**Problem requirements**
Every line below should come back exactly as written, though the pictures stay out.
***** Stored data *****
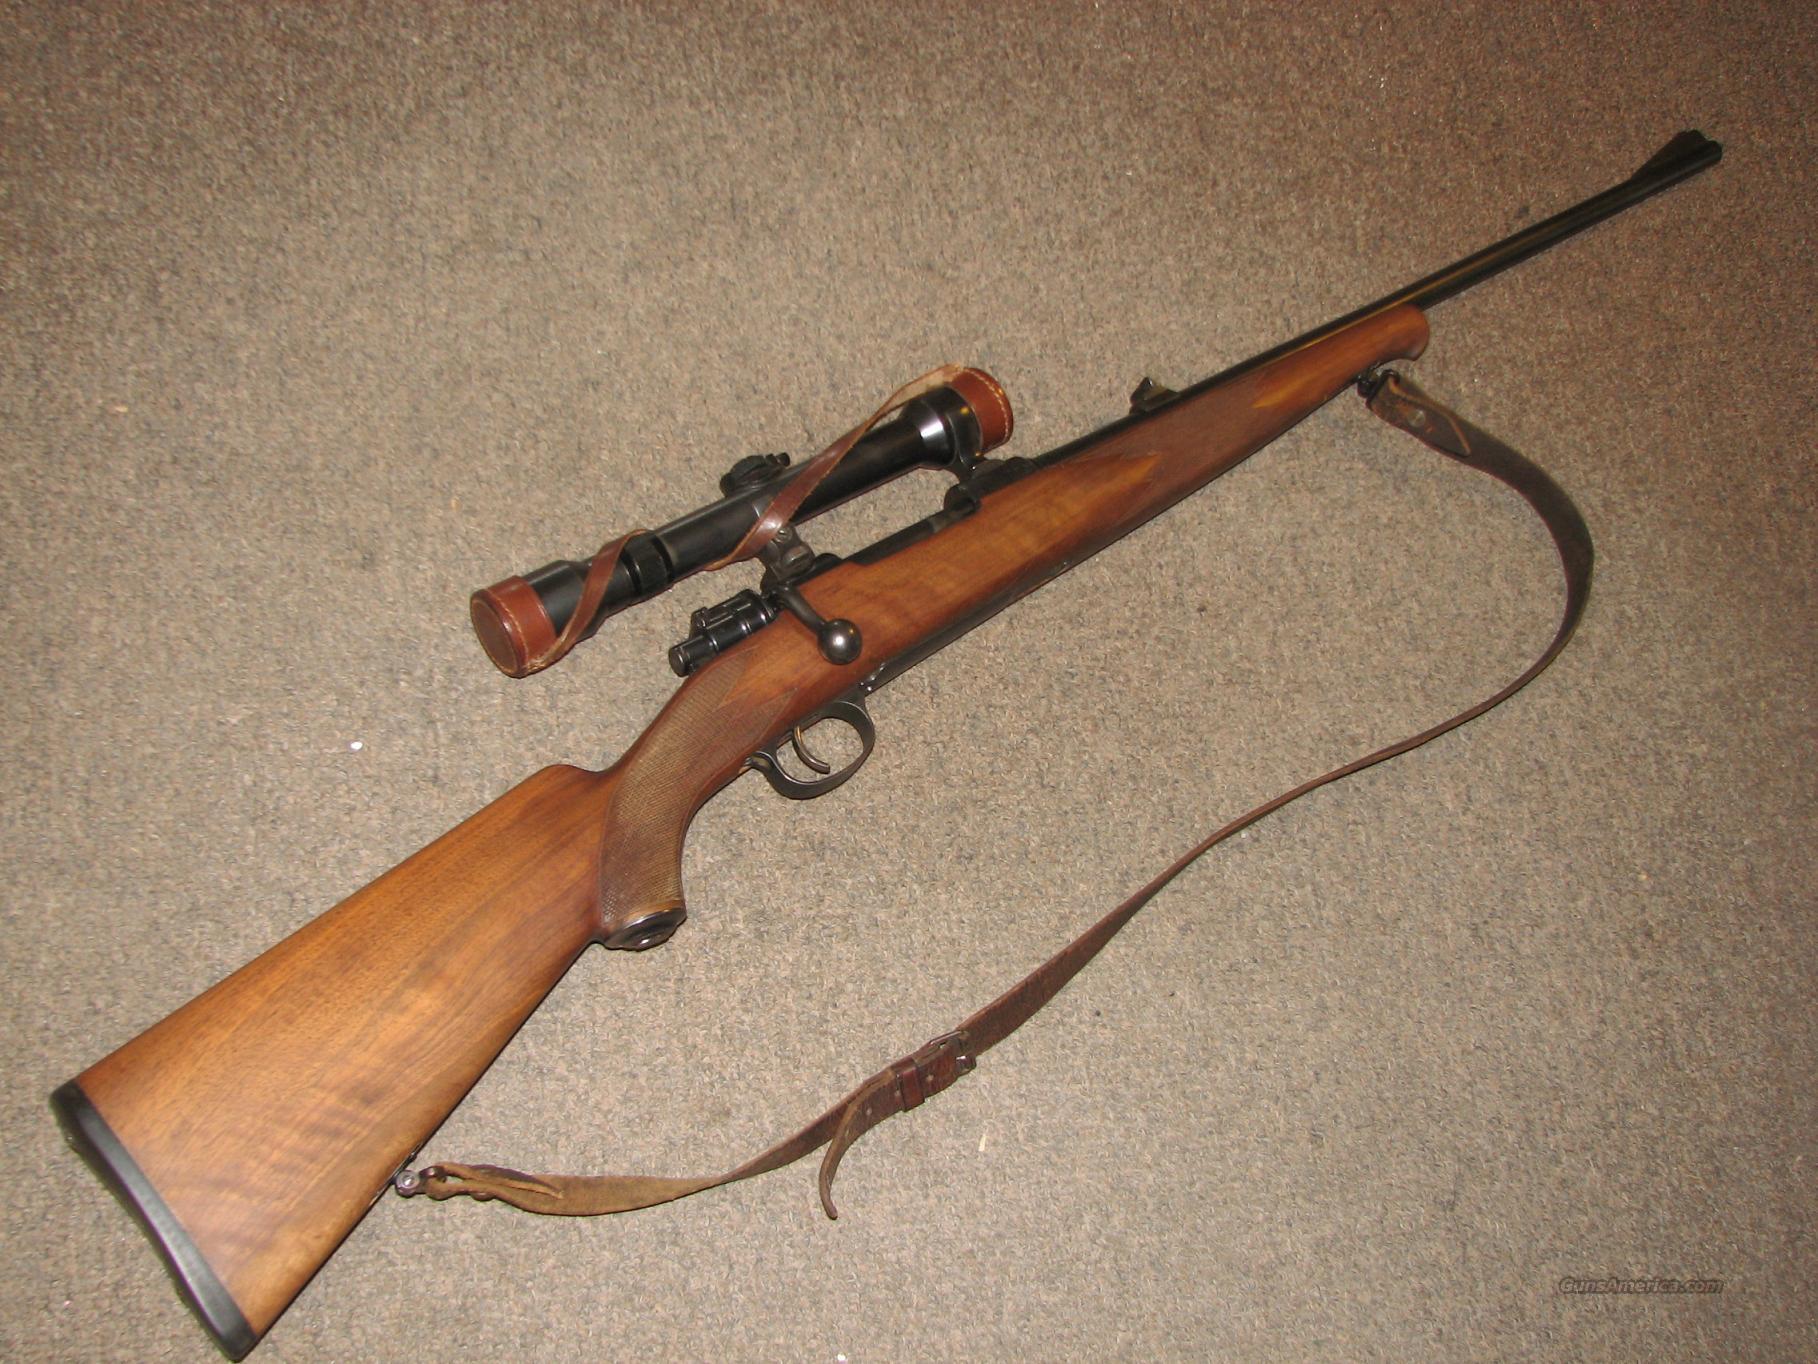 MAUSER 98 SPORTING RIFLE 8x57 w/ HENSOLDT SCOPE  Guns > Rifles > Mauser Rifles > German
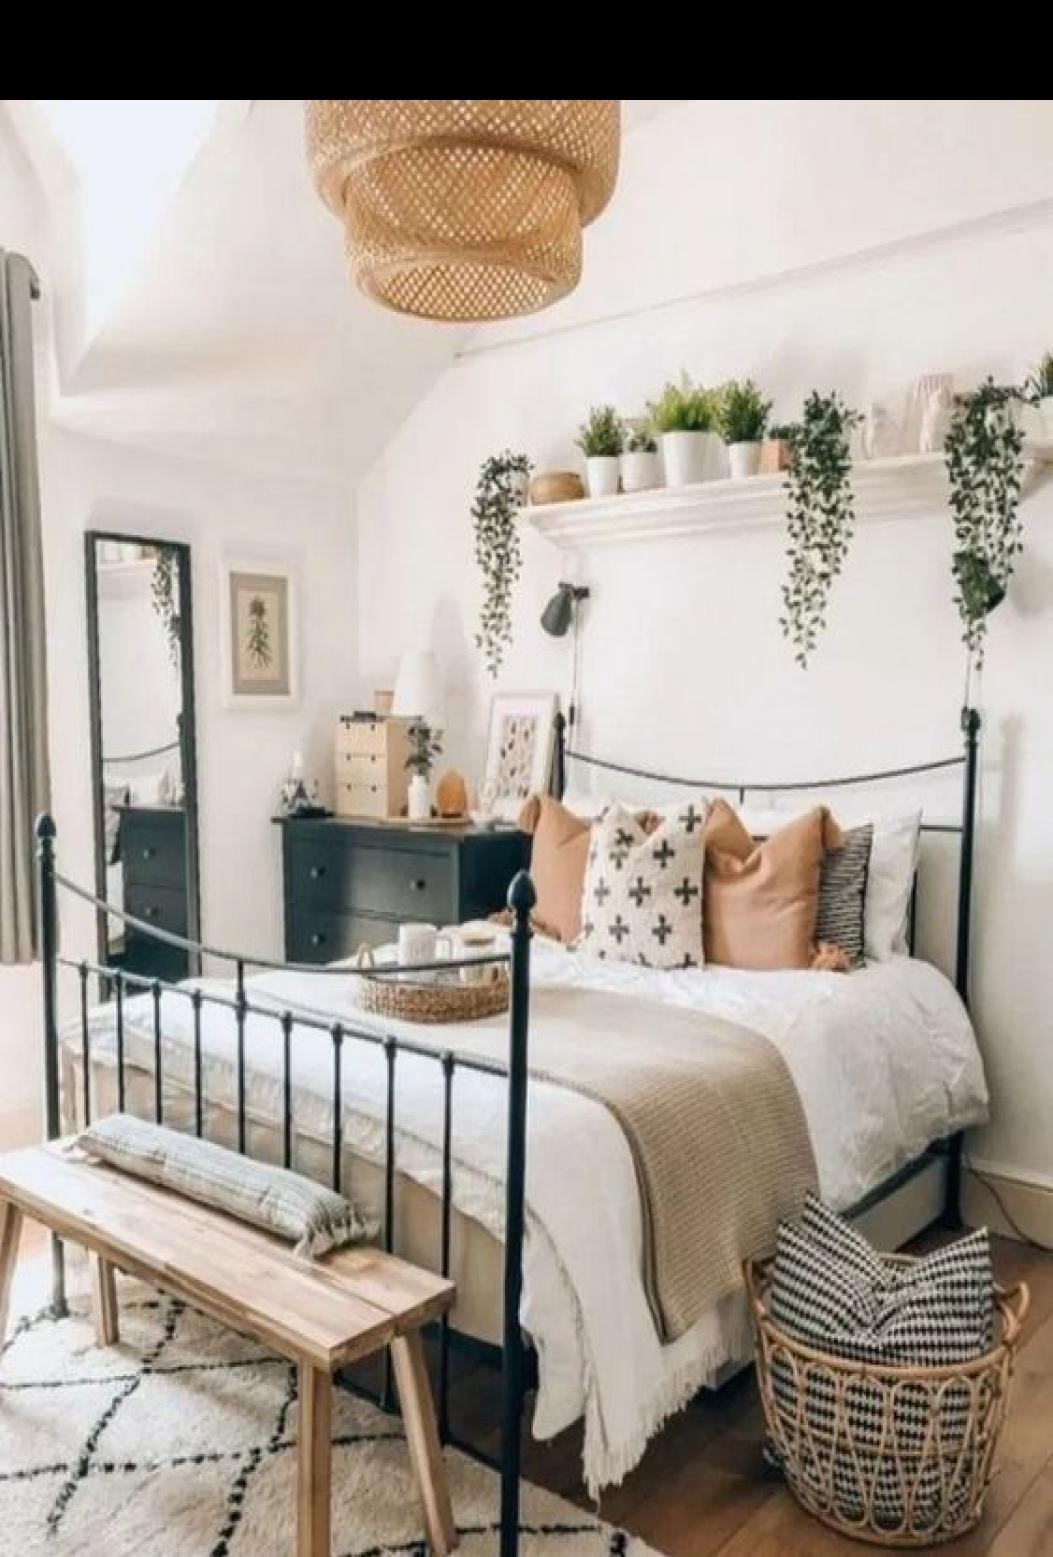 47 Cool Urban Farmhouse Master Bedroom Makeover Ideas in ... on Boho Master Bedroom Ideas  id=84078
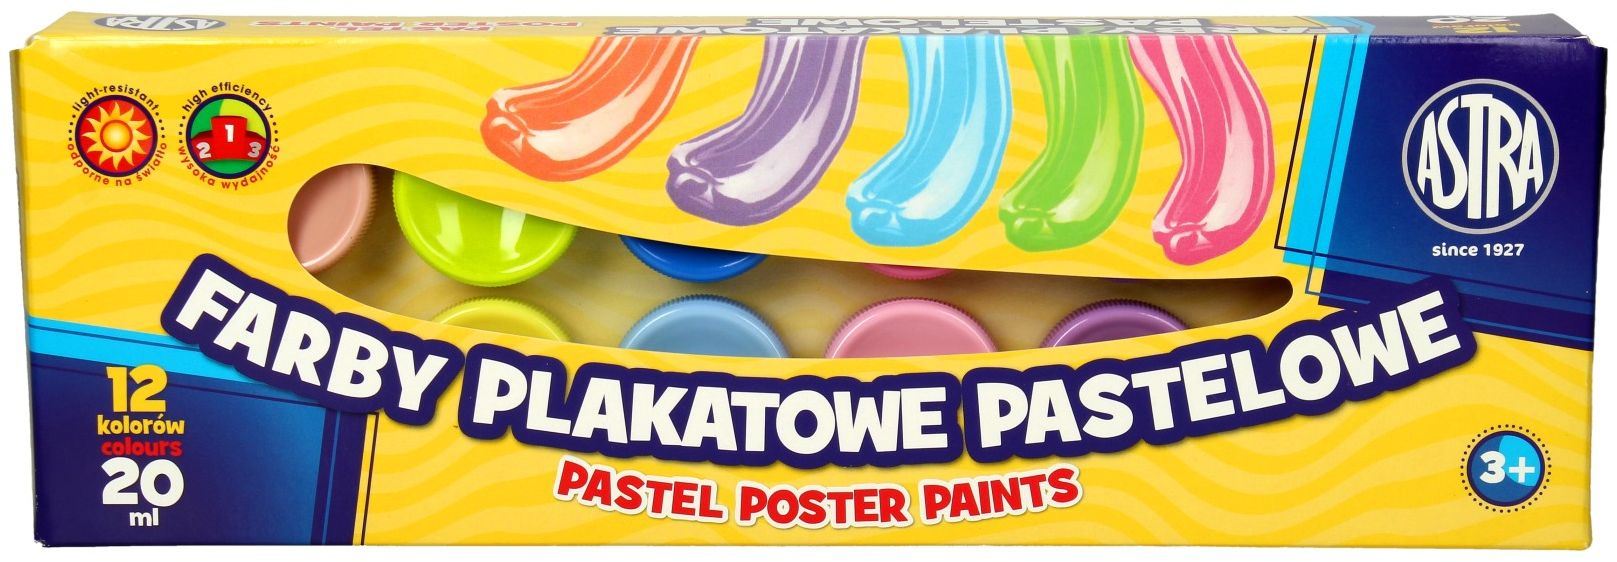 Farby plakatowe 12kol 20ml pastelowe Astra 301118001
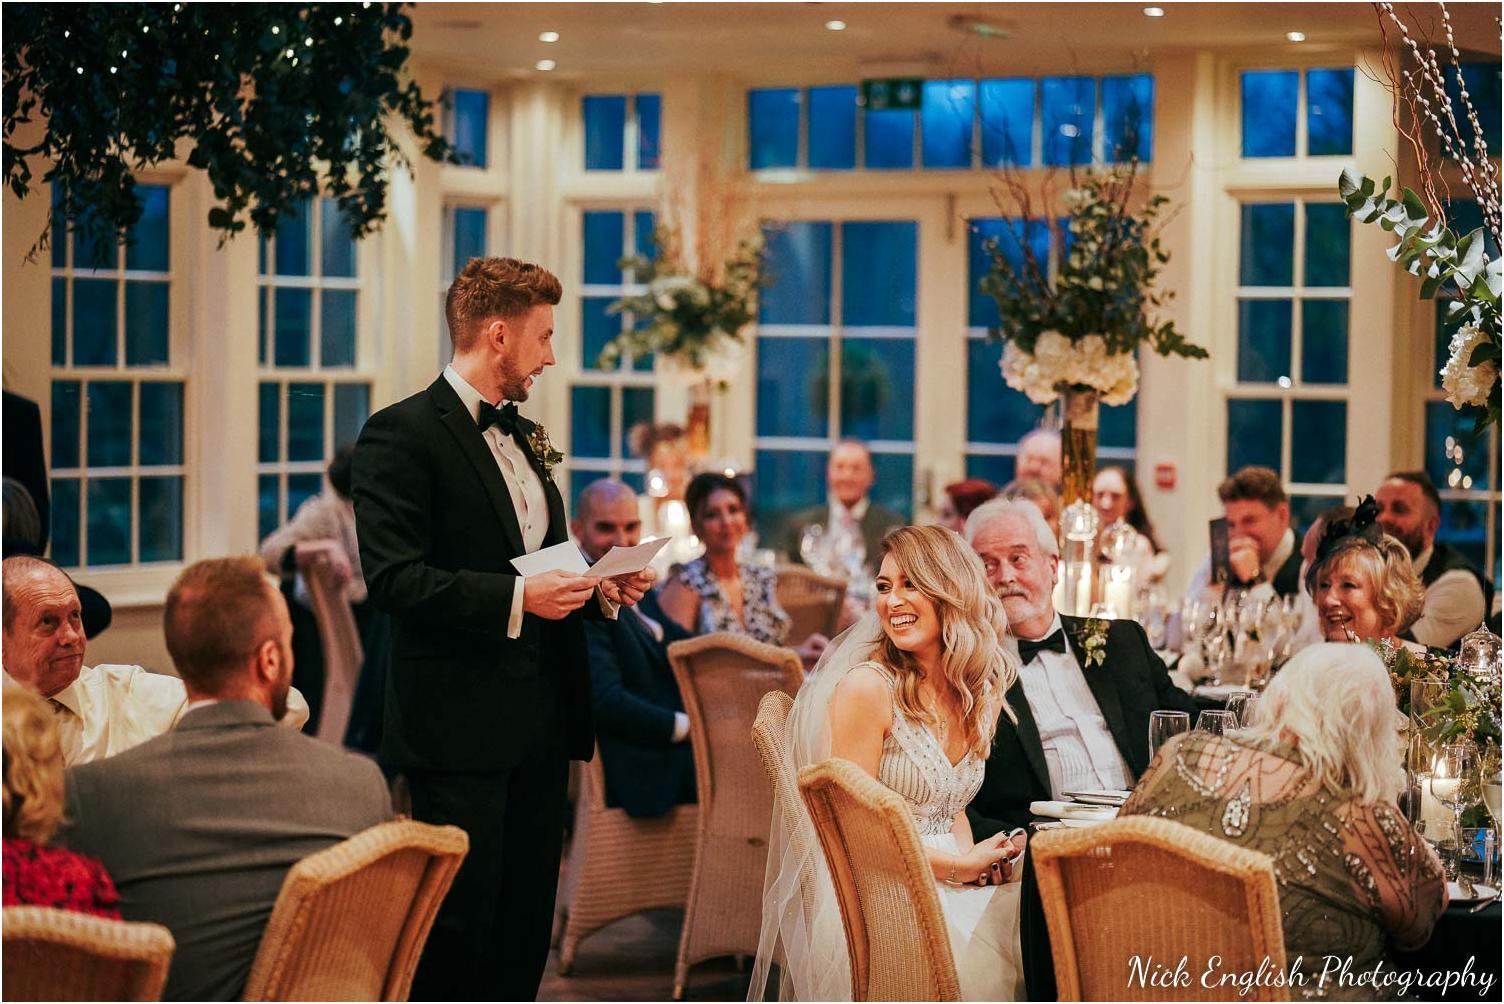 Mitton_Hall_Christmas_Winter_Wedding-69.jpg
*****
**Solution for this exercise**
 MAUSER 98 SPORTING RIFLE 8x57 w/ HENSOLDT SCOPE  Guns > Rifles > Mauser Rifles > German
 47 Cool Urban Farmhouse Master Bedroom Makeover Ideas in ... on Boho Master Bedroom Ideas  id=84078
 Farby plakatowe 12kol 20ml pastelowe Astra 301118001
 Mitton_Hall_Christmas_Winter_Wedding-69.jpg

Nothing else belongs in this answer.